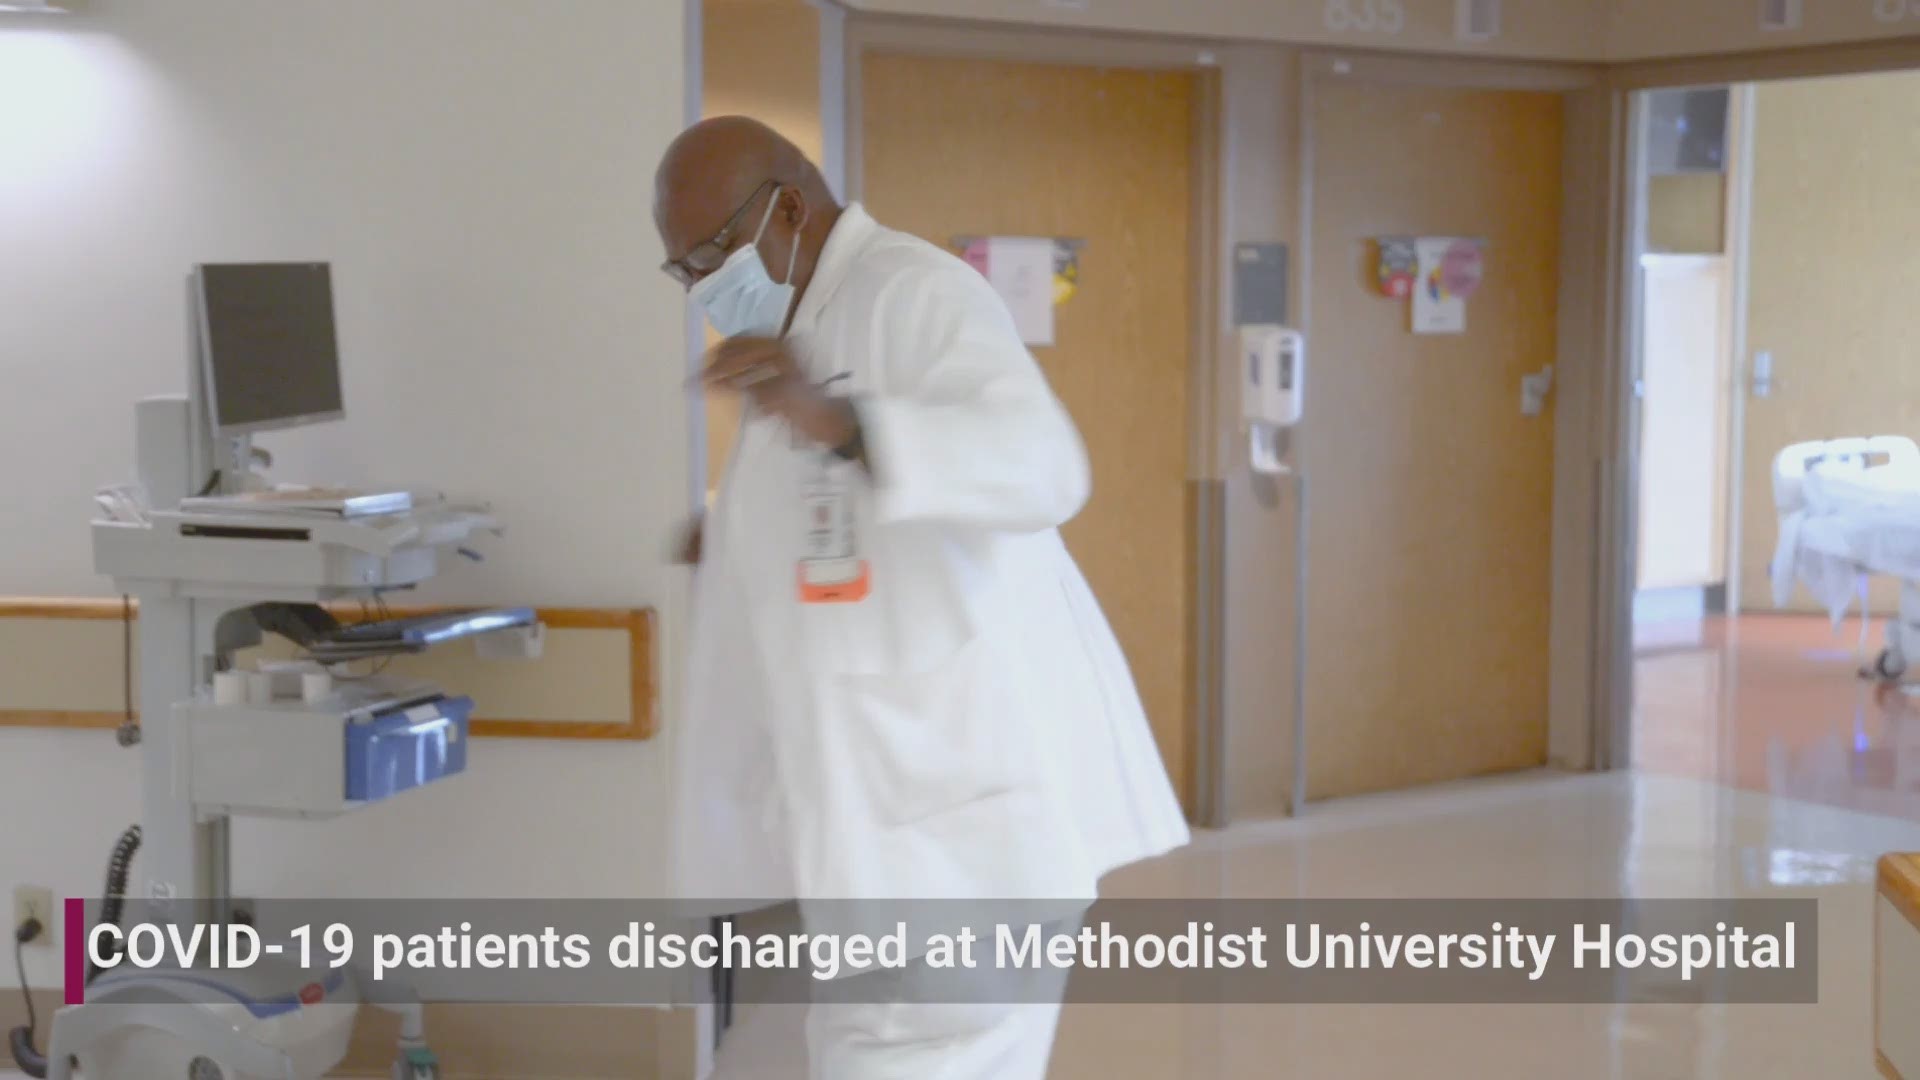 The hospital shared video showing how they celebrate as patients are discharged.
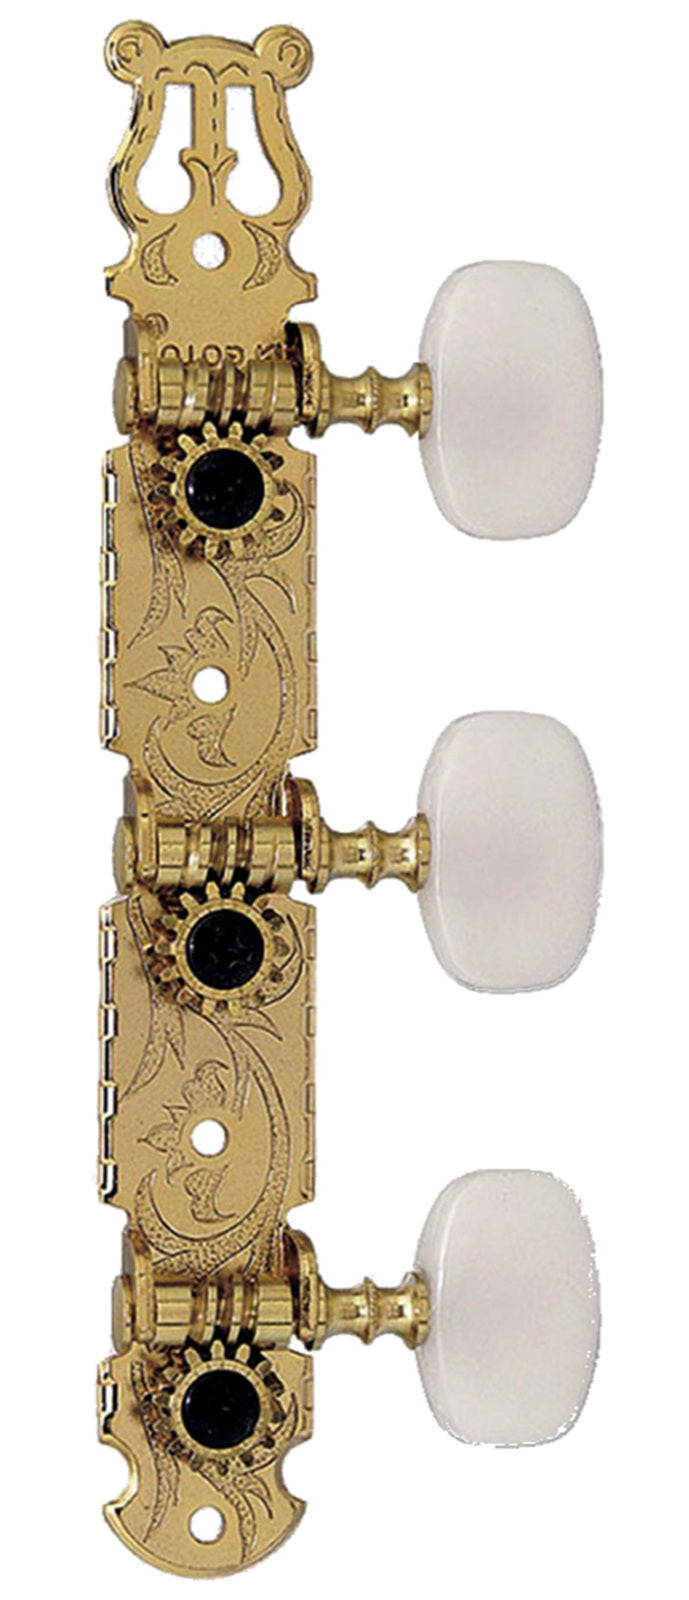 Gotoh 35G450 Classical Guitar Tuning Machines on Decorative Plate in Flash Gold Finish (3+3)
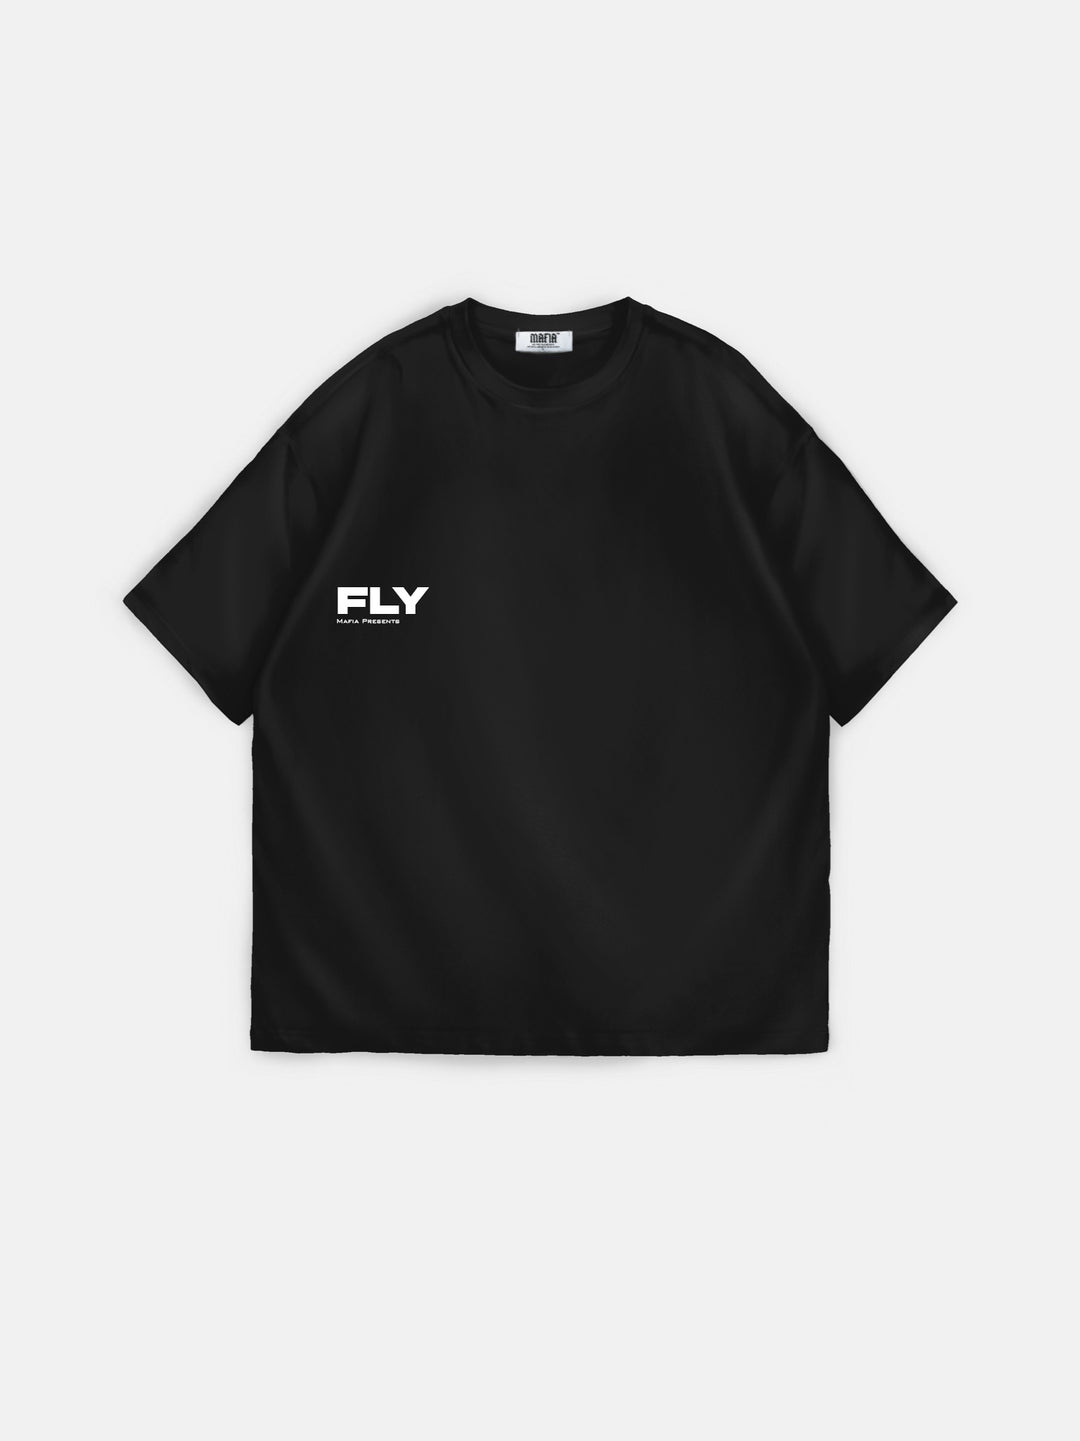 Oversize 'Fly' T-shirt - Black and Green
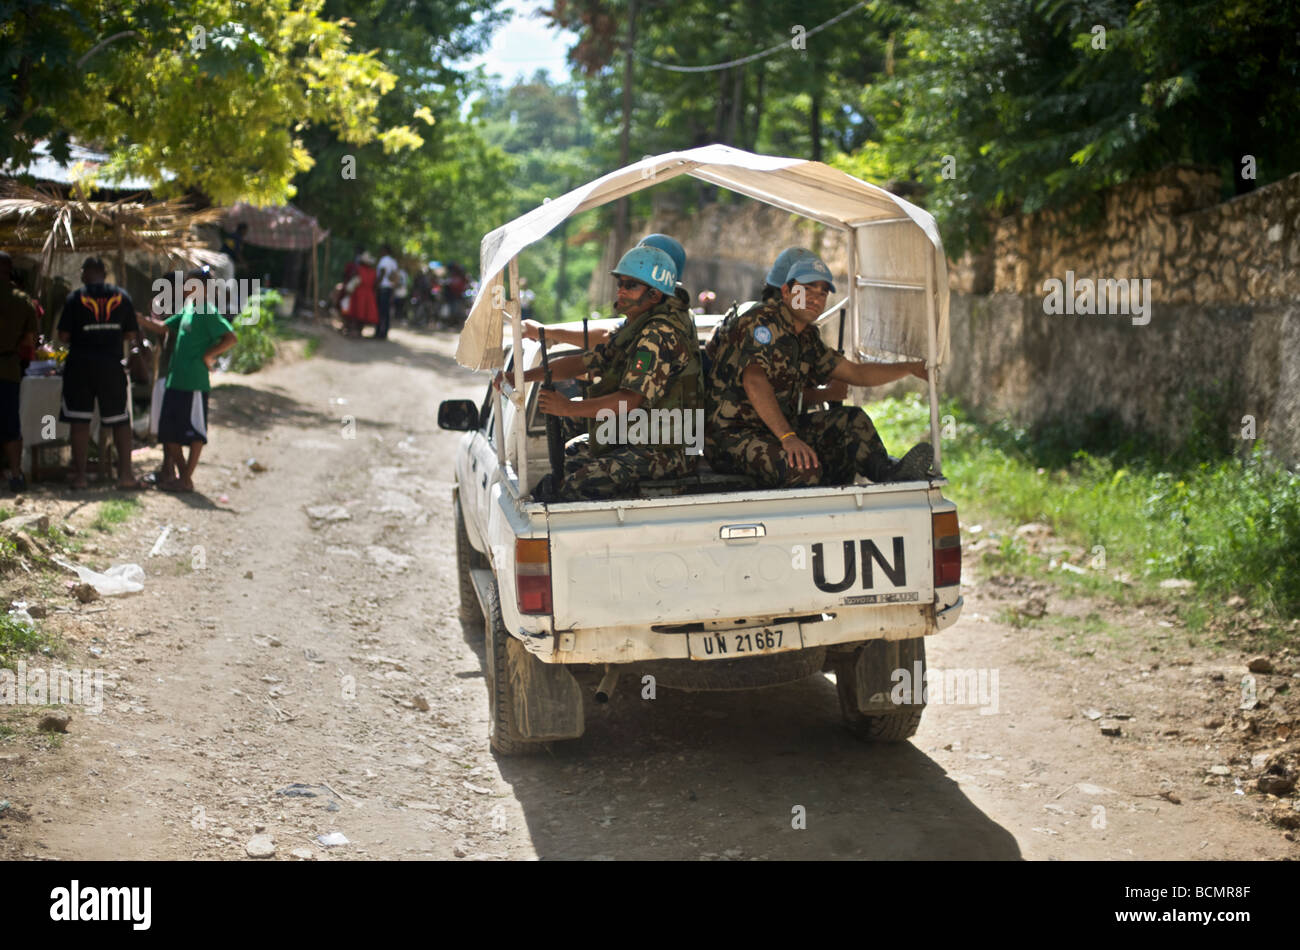 UN soldiers ride through the small village of Saut D'eau during the annual voodoo pilgrimage there on July 14, 2008. Stock Photo
-- -- --
_ASSIGNMENT_
Word for word, reproduce the listing above; no image should be carried over.

_WORKED SOLUTION_
 The hospital shared video showing how they celebrate as patients are discharged.
 Gotoh 35G450 Classical Guitar Tuning Machines on Decorative Plate in Flash Gold Finish (3+3)
 Oversize 'Fly' T-shirt - Black and Green
 UN soldiers ride through the small village of Saut D'eau during the annual voodoo pilgrimage there on July 14, 2008. Stock Photo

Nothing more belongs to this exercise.